On Becoming Self-Employed – Part 1

Being self-employed is a very interesting experience. Some people claim that they want to be the masters of their own fate and choose self-employment (as small business or a self-directed professional career) as their way to make it happen. And often, when people write about the joys of self-employment, they talk a lot about “freedom.”

There’s the freedom from nine-to-five. Except, of course, for the fact that your clients all keep to a schedule and you need to make yours fit theirs. So while you may no longer need to punch a time-clock, you’re still going to have to make things work around a schedule of some sort.

There’s the freedom from having a boss. Except, of course, for the fact that every single client you have is your boss, and if you don’t do what they want when they want, they’ll fire you and that means no money.

There’s the freedom from the daily grind.
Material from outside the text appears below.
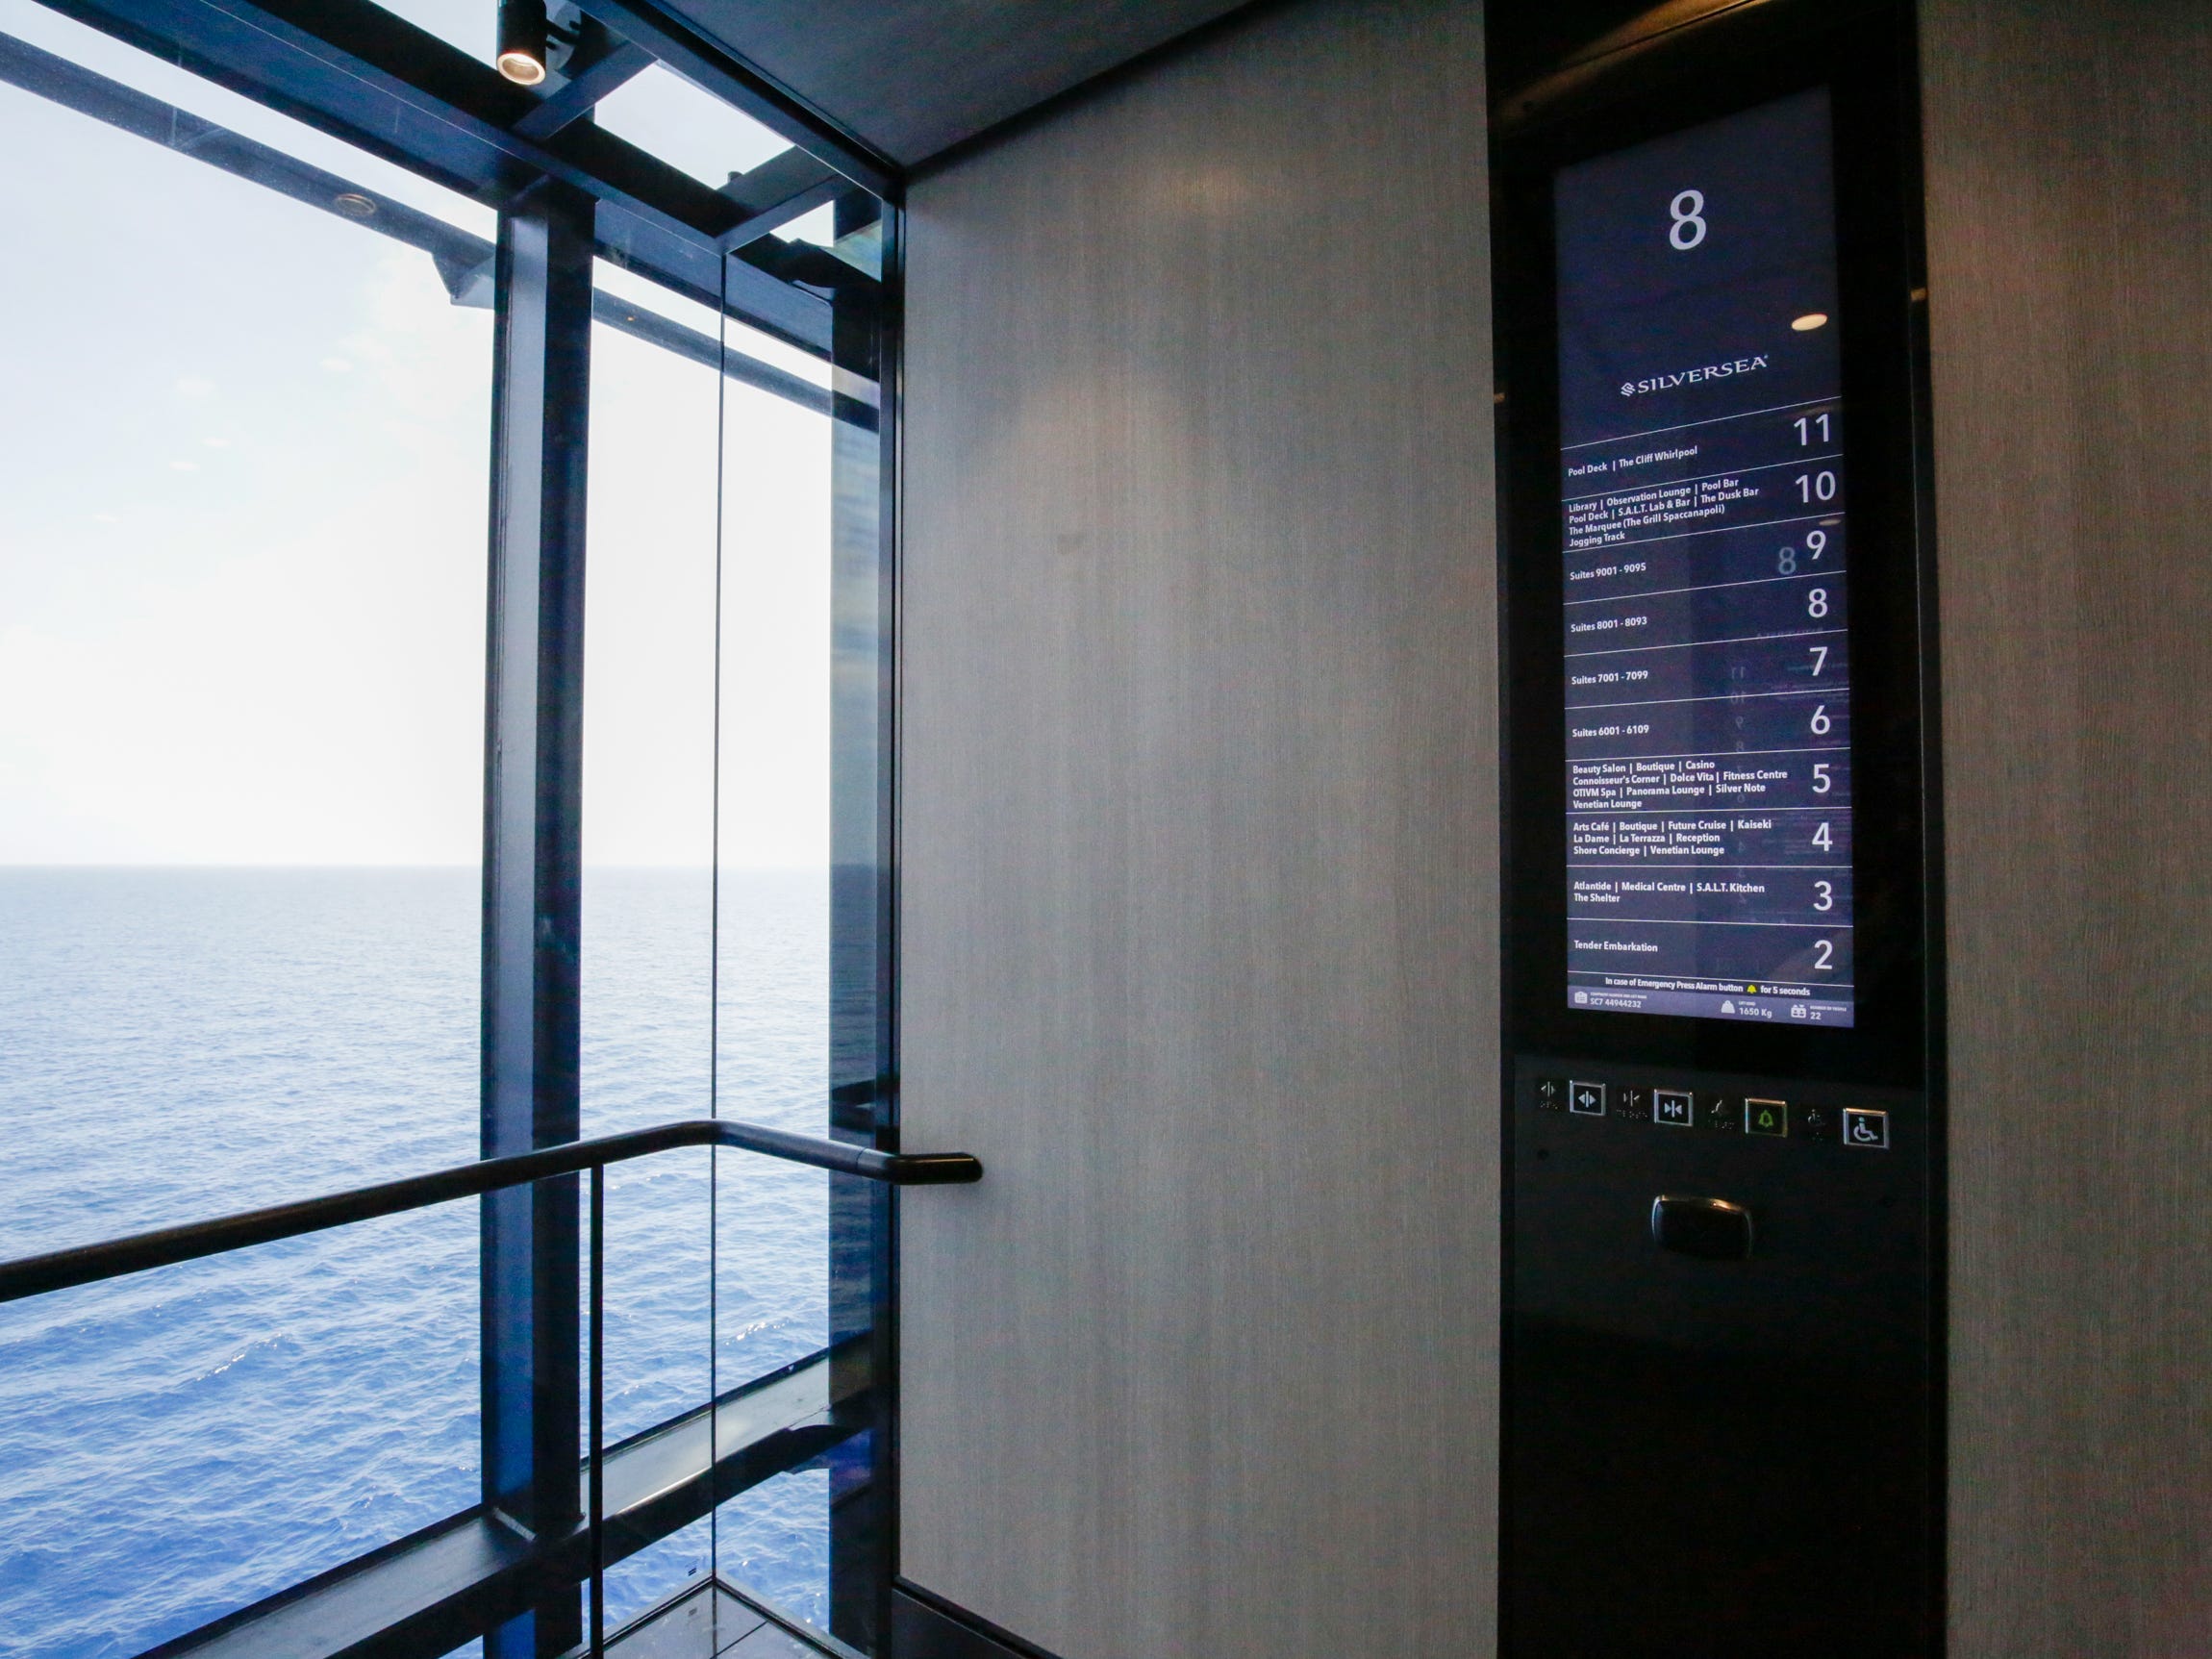 <p>Before Silver Ray, I would've scoffed if you had told me one of my favorite amenities on a cruise ship would be the elevators. But alas, it seems not all of them are created equal.</p><p>On most cruise ships, the elevators are located at the center of the vessel and flanked by corridors on either side.</p><p>Like the pool, all six of Silver Ray's elevators are located by the edge of the ship — half port side, half starboard side — and lined with glass walls, giving riders sweeping views of the ship's surroundings.</p><p>Not to be dramatic, but I've never seen a more beautiful elevator.</p>

Except, of course, for all the details of being self-employed and running a small business, which comes with enough grunt work to choke a horse.

That’s not to say you can’t have some of those things at some times. Sure, you can be free of nine-to-five when there’s nothing much going on. While an “employee” has to keep showing up even when there’s not much to do, you can go to the beach, do the groceries or hang out the laundry. And while an “employee” tends to be at the whim of The Boss, if you really don’t like a client, you can find another one so you don’t have to work for the ass again. As for the daily grind, well, some things are inevitable. But if you’re doing enough stuff you love, you can convince yourself its worth it.

Being your own boss can be scary. And it does carry some risks. If it starts of slow – or doesn’t work at all — there’s no safety net unless you’ve built up a whopping stash of cash to see you through. You could end up racking up debt if you don’t have a sound plan in place. And you may have to work 80 or 90 or 100 hours a week to get the sucker going. So anyone afraid of hard work should reconsider.

You also need to accept that you will make mistakes and that you have to learn from them. You must be willing, too, to try new things.

Not everyone has the personality, drive and determination to be self-employed. And not everyone can handle the solitude that comes from working alone, which is often a big part of being your own boss. Some people believe that those who make it work are born with an “entrepreneurial spirit” that regular employees just don’t have. I don’t know if I agree, but I know there are some people who just can’t deal with being chief cook and bottle washer. Be it a lack of discipline or the inability to cope with the stress of not having a regular paycheque, some folks just can’t cut it.